» Data:

━━━━━━

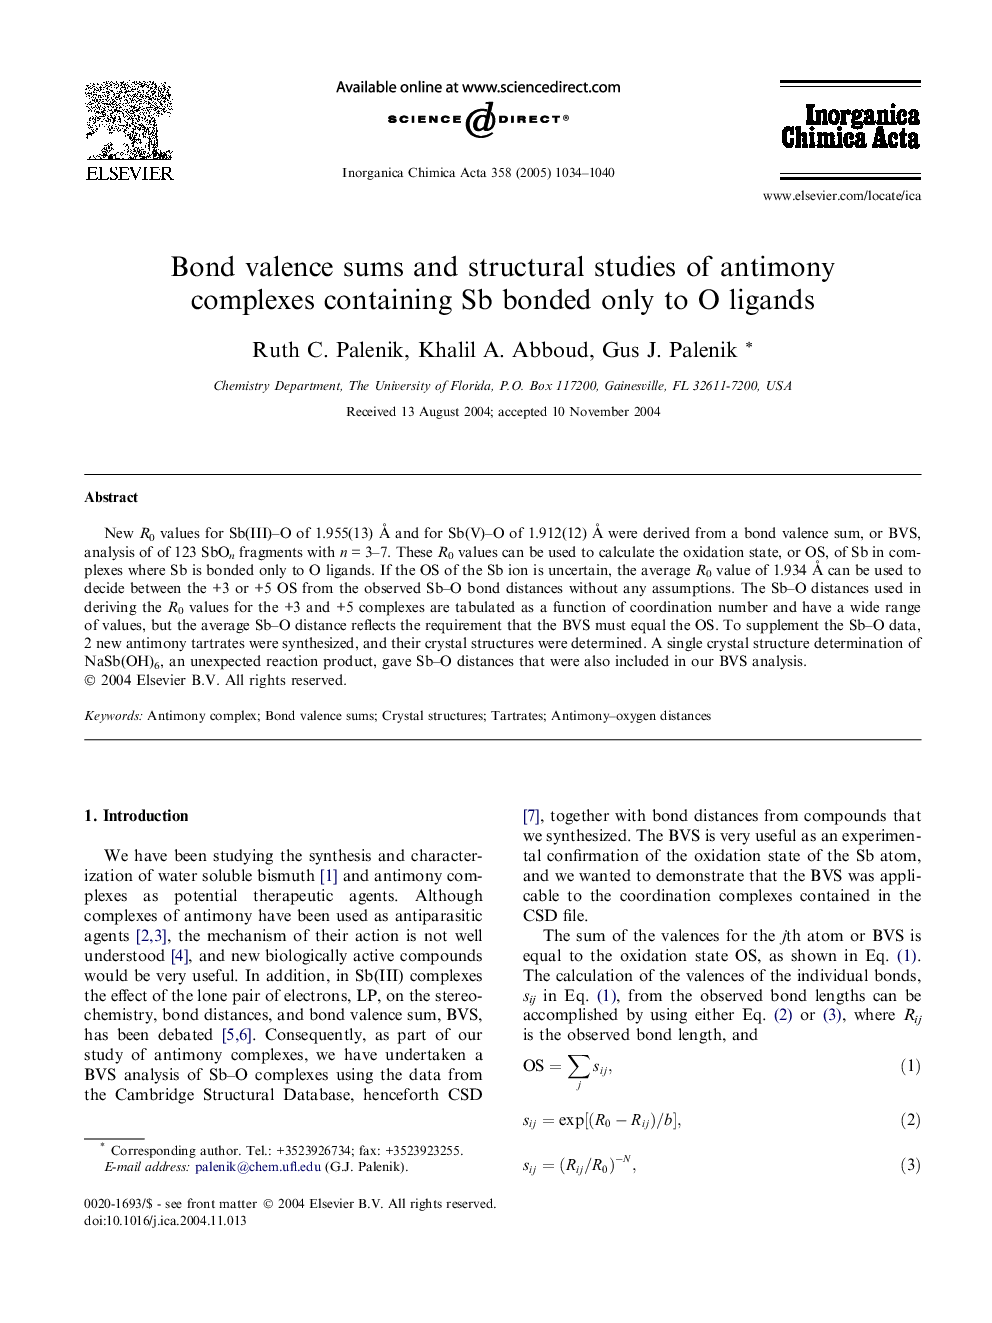 Bond valence sums and structural studies of antimony complexes containing Sb bonded only to O ligands
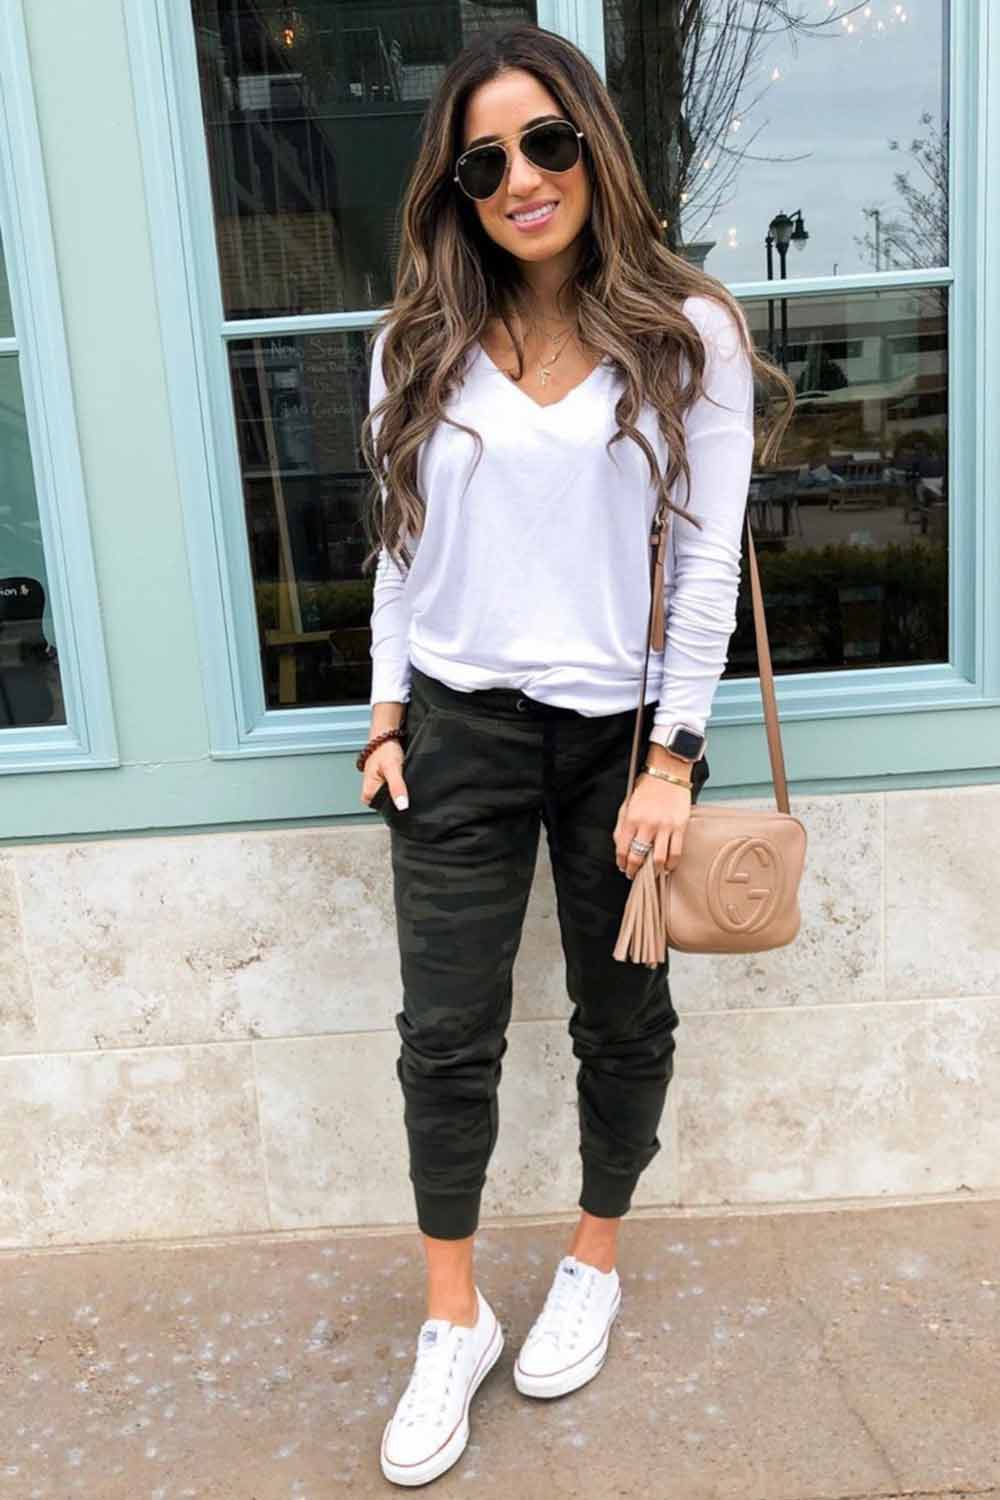 Camo Pants: Where and How To Wear the Stylish Item | Glaminati,com
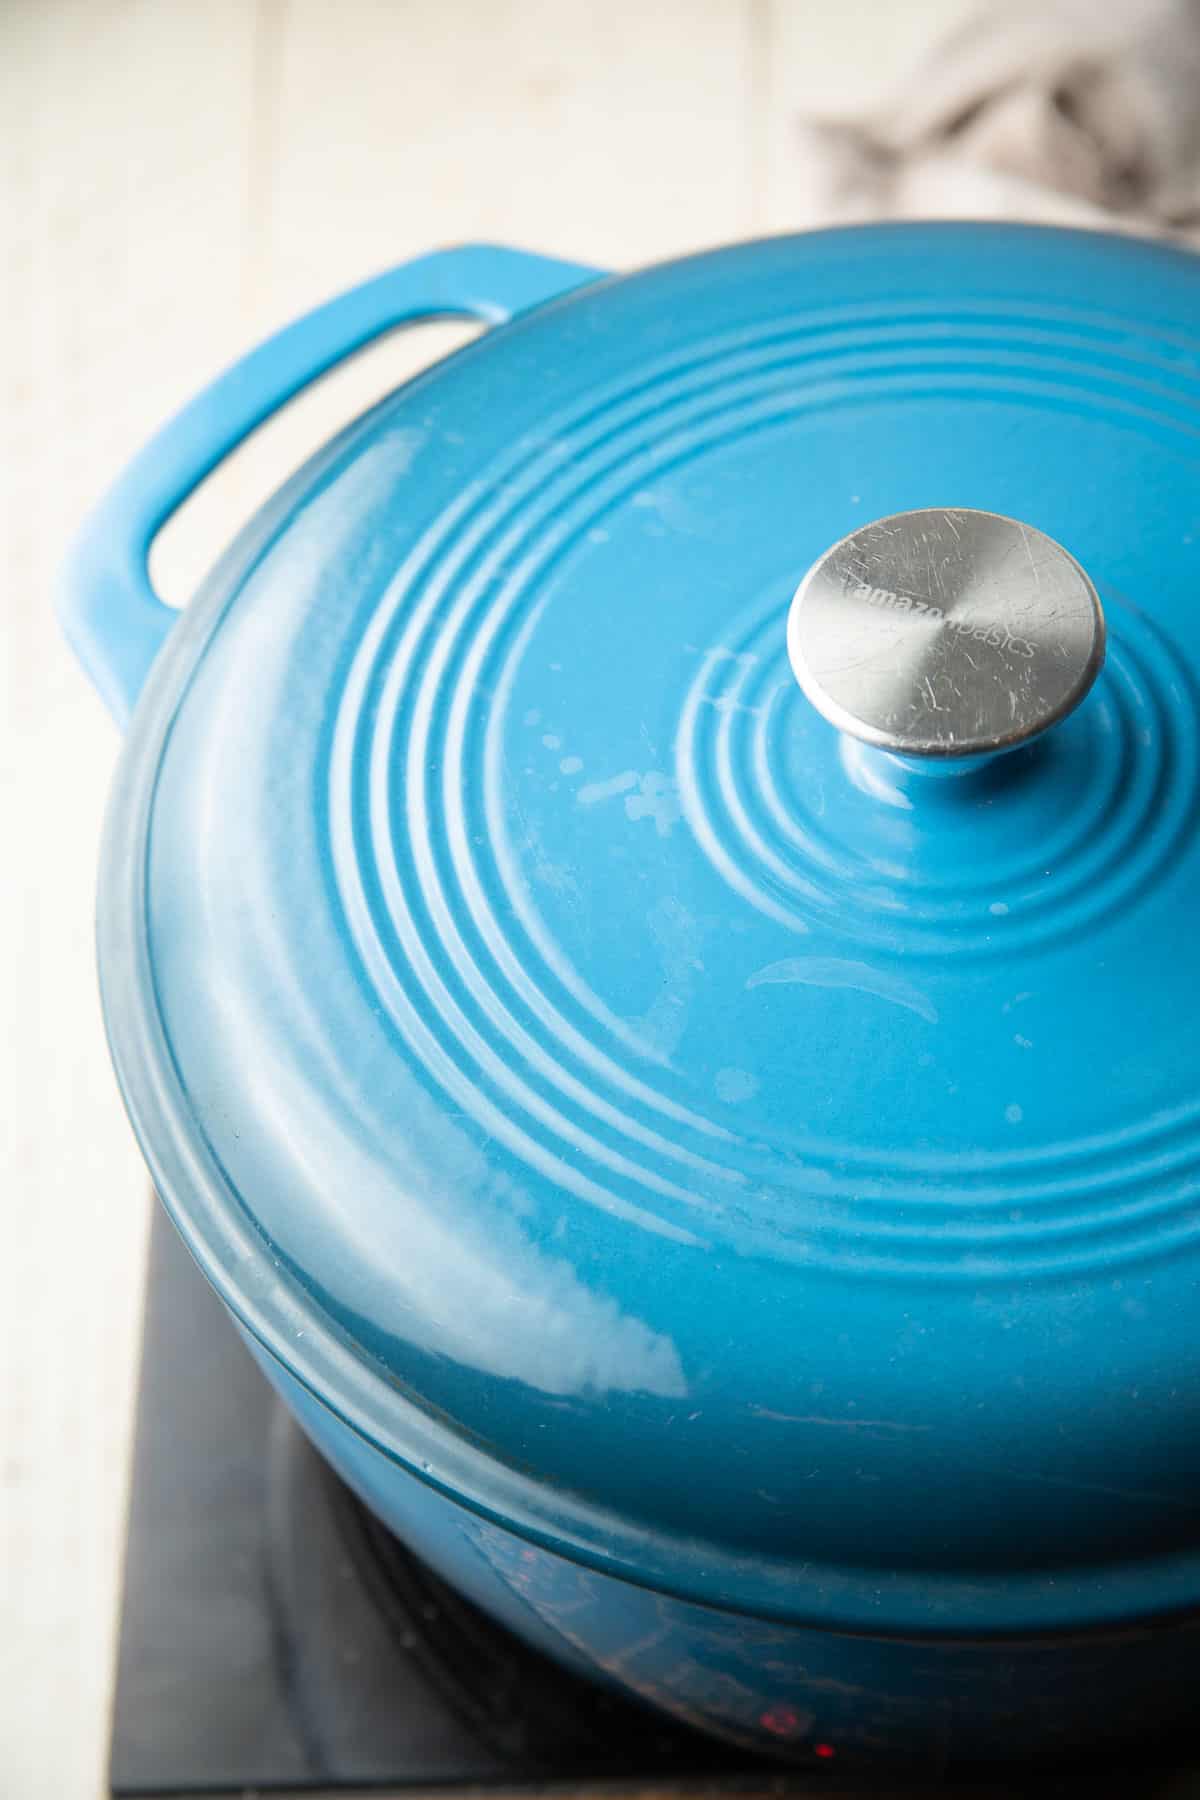 Blue Dutch oven with a lid on top.

━━━━━━

Beginning with the line in which "Camo Pants: Where" appears, repeat exactly each line down to the close of the material, leaving every picture out.

 Camo Pants: Where and How To Wear the Stylish Item | Glaminati,com
 Blue Dutch oven with a lid on top.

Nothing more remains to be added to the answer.